Tommy Horne slipped and fell while on the premises of Care More, Inc. d/b/a Macon Health Care Center. Tommy and Mary Horne filed a complaint against Care More for injuries allegedly caused by the fall. The jury returned a verdict in favor of Care More. The trial court made the verdict the judgment of the court. The Hornes appeal.
1. The Hornes contend that the court erred in charging the jury on the defense of accident. "The defense of accident in this state is to be confined to its strict sense as an occurrence which takes place in the absence of negligence and for which no one would be liable. Unless there is evidence authorizing a finding that the occurrence was an `accident' as thus defined, a charge on that defense is error." (Citations, punctuation and emphasis omitted.) Whisanant v. Northeast Ga. Med. Center, 202 Ga.

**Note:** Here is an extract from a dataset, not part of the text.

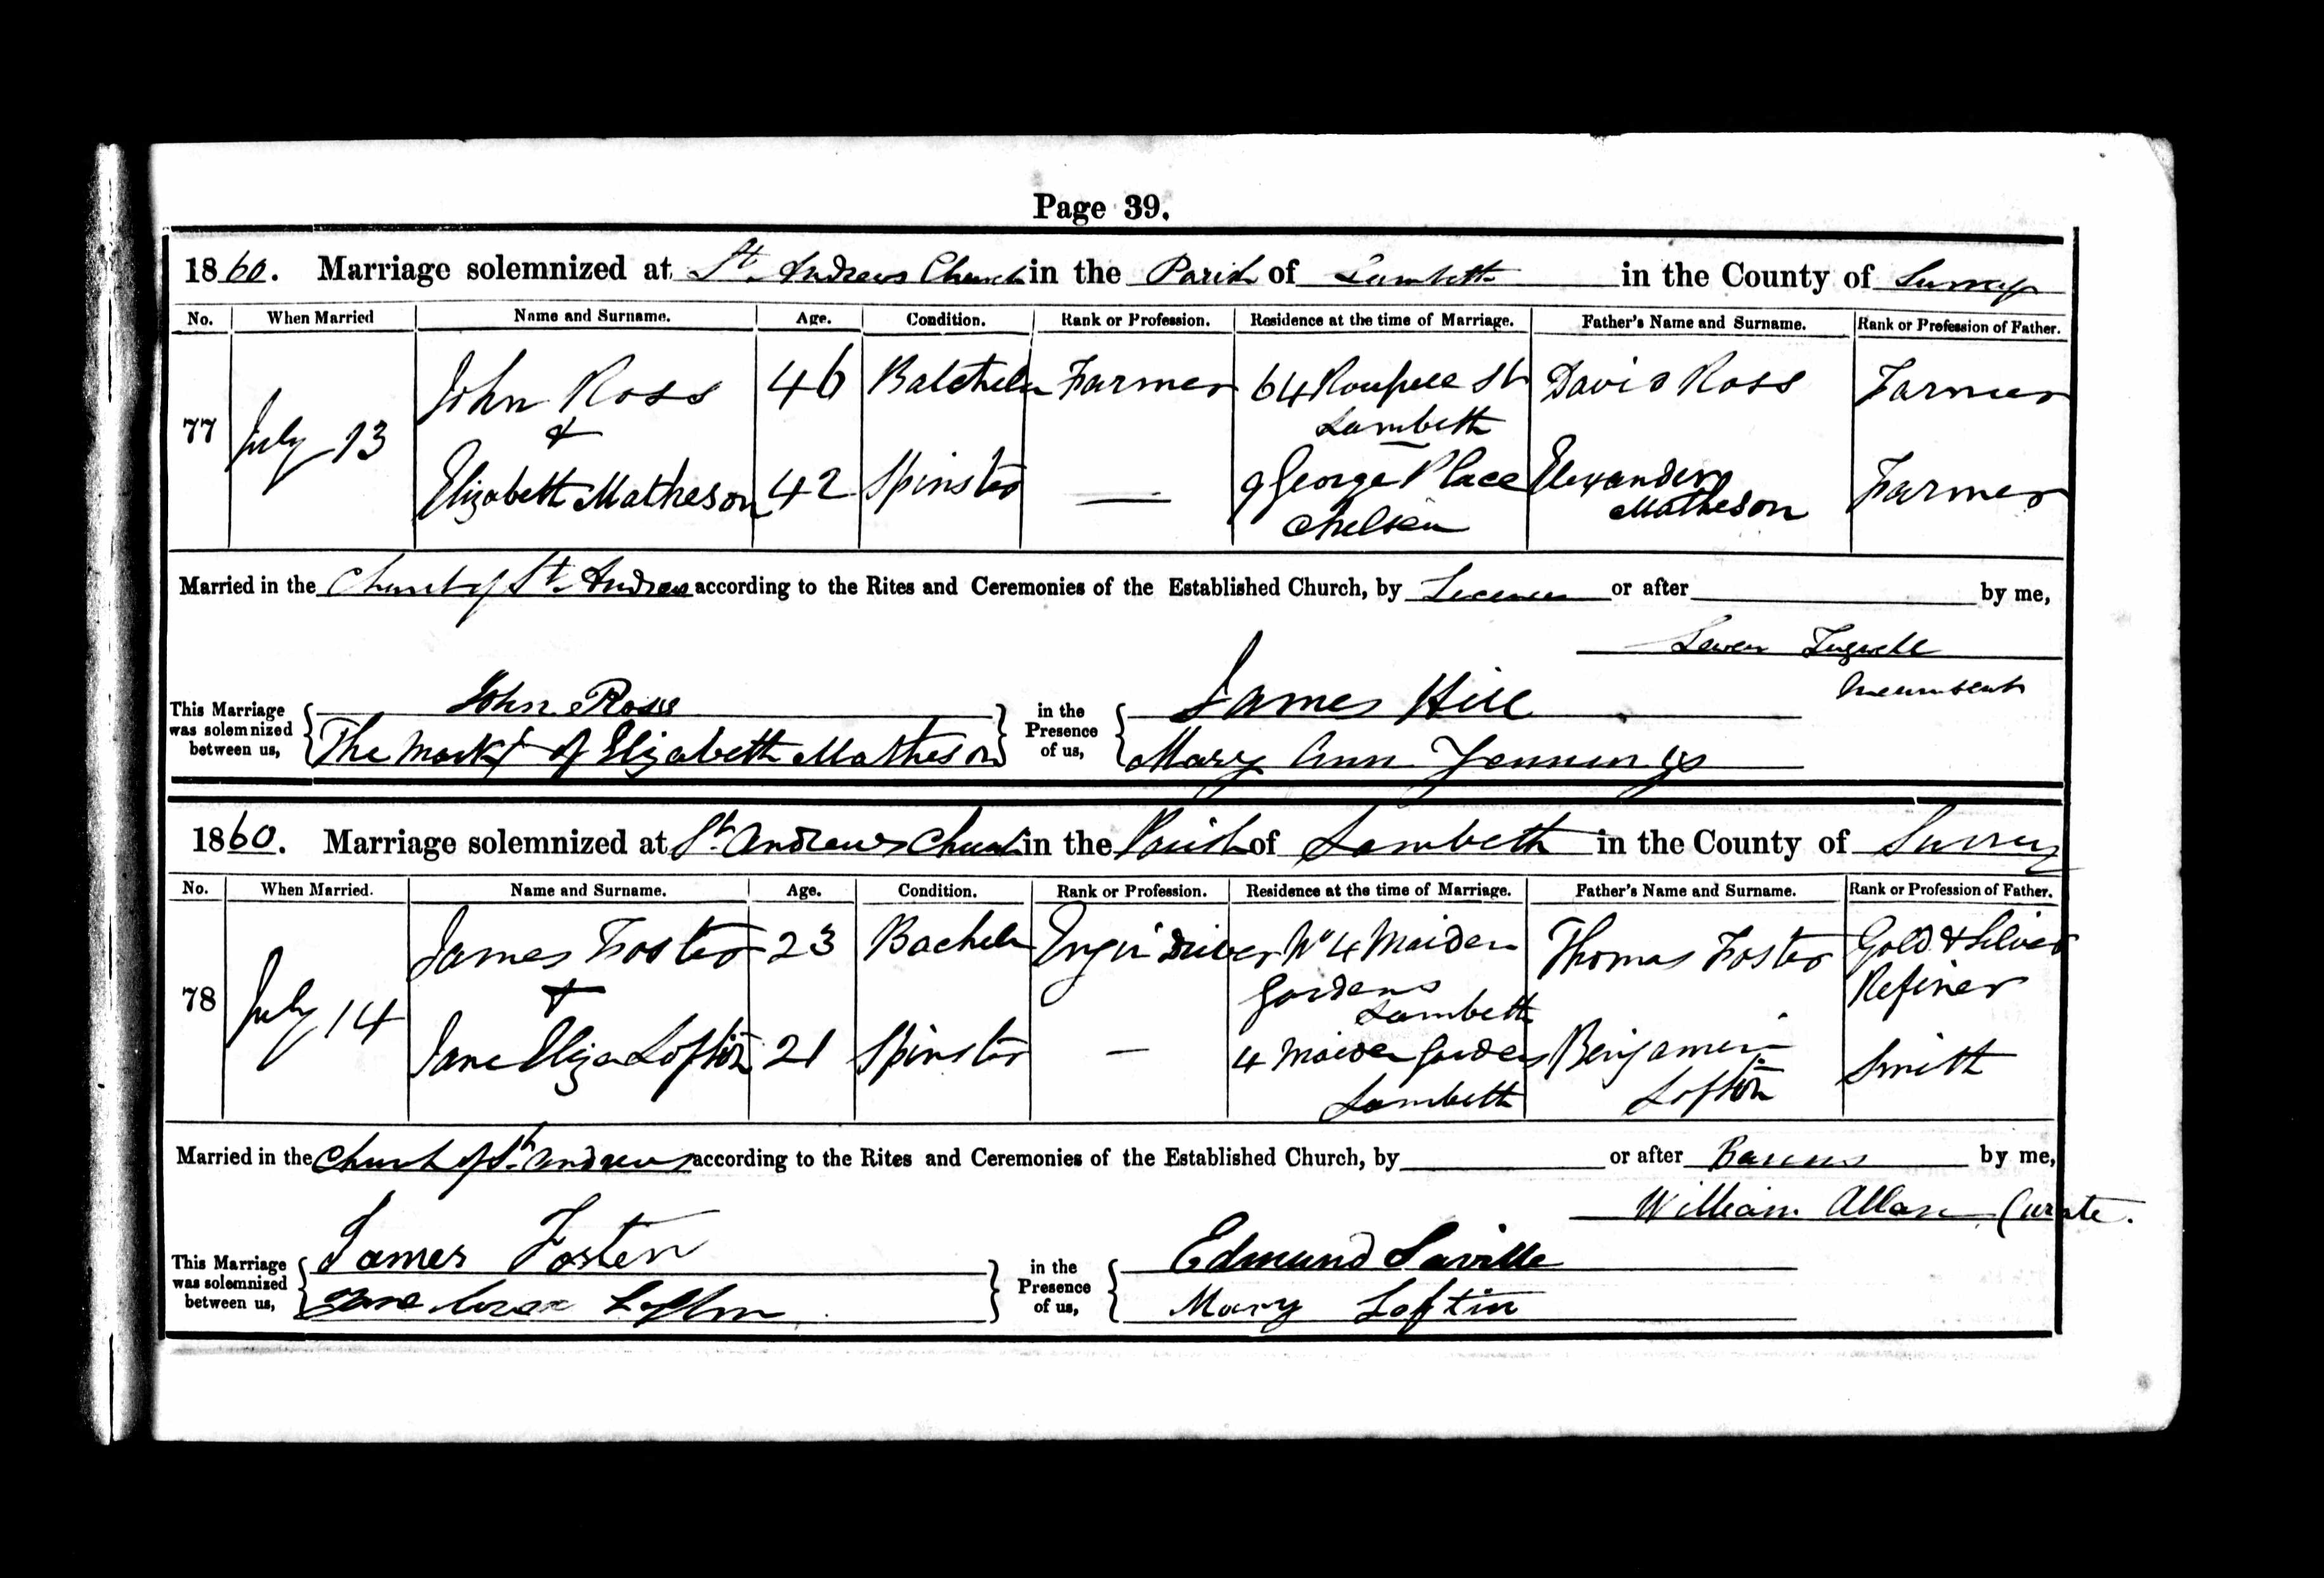 1860 marriage of Jane Eliza Loftin to James Foster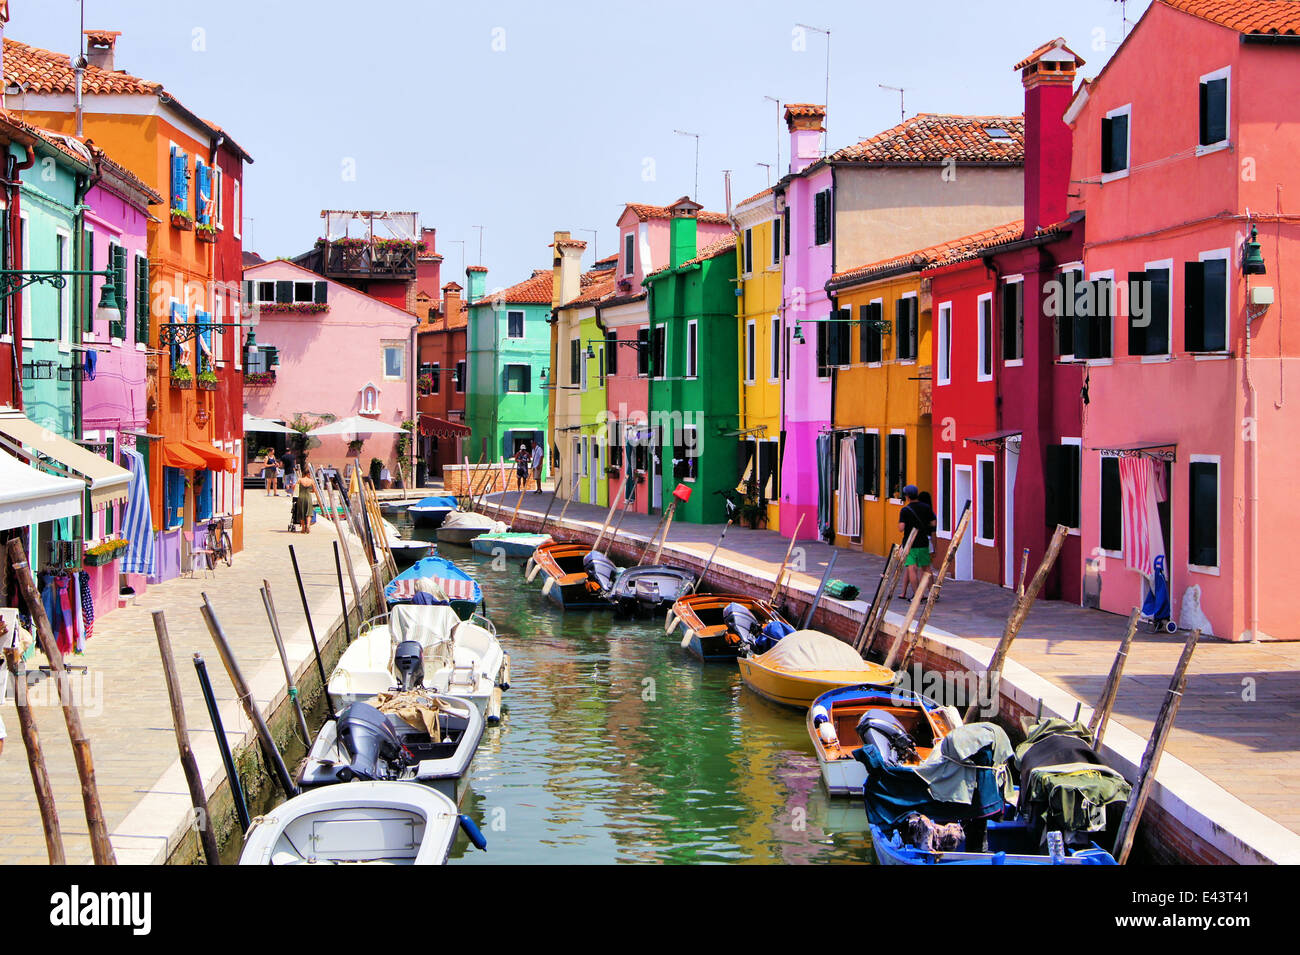 Colorful canal scene in Burano, Venice, Italy Stock Photo

App. 526, 527 ( 414 S.E.2d 739) (1992). Although there was evidence that Horne's fall might have been the result of Care More's negligence, the jury also could have concluded that the fall was not proximately caused by the negligence of any party. The jury could have found from the evidence that Horne slipped in a puddle of urine, which had only been on the floor a few minutes and about which Care More had no knowledge prior to Horne's fall. The jury was authorized to conclude that the urine on the floor was an unforeseeable occurrence. "Where the jury is authorized under the alternatives submitted by the evidence to find that the [fall] was not proximately caused by negligence but could have resulted from an unforeseen or unexplained cause, there is ample reason to give a charge on the law of accident." (Citations and punctuation omitted.) Adams v. Finlayson, 199 Ga. App. 821, 822 (1) ( 406 S.E.2d 227) (1991); see also Greene v. Wright, 200 Ga. App. 125, 126 (1) ( 407 S.E.2d 68) (1991). The court did not err in charging the jury on accident.
The Supreme Court's holding in Tolbert v. Duckworth, 262 Ga. 622 ( 423 S.E.2d 229) (1992), that the jury charge on accident should not be given in civil cases after January 21, 1993, is inapplicable to the instant case, which was tried from January 13-15, 1992.
2. The Hornes enumerate that the court erred in failing to give their requested charge on distraction. Because the request is not contained in the record, we cannot address the merits of this enumeration. Jones v. Livingston, 203 Ga. App. 99, 102 (3) ( 416 S.E.2d 142) (1992).
Judgment affirmed. Blackburn and Smith, JJ., concur.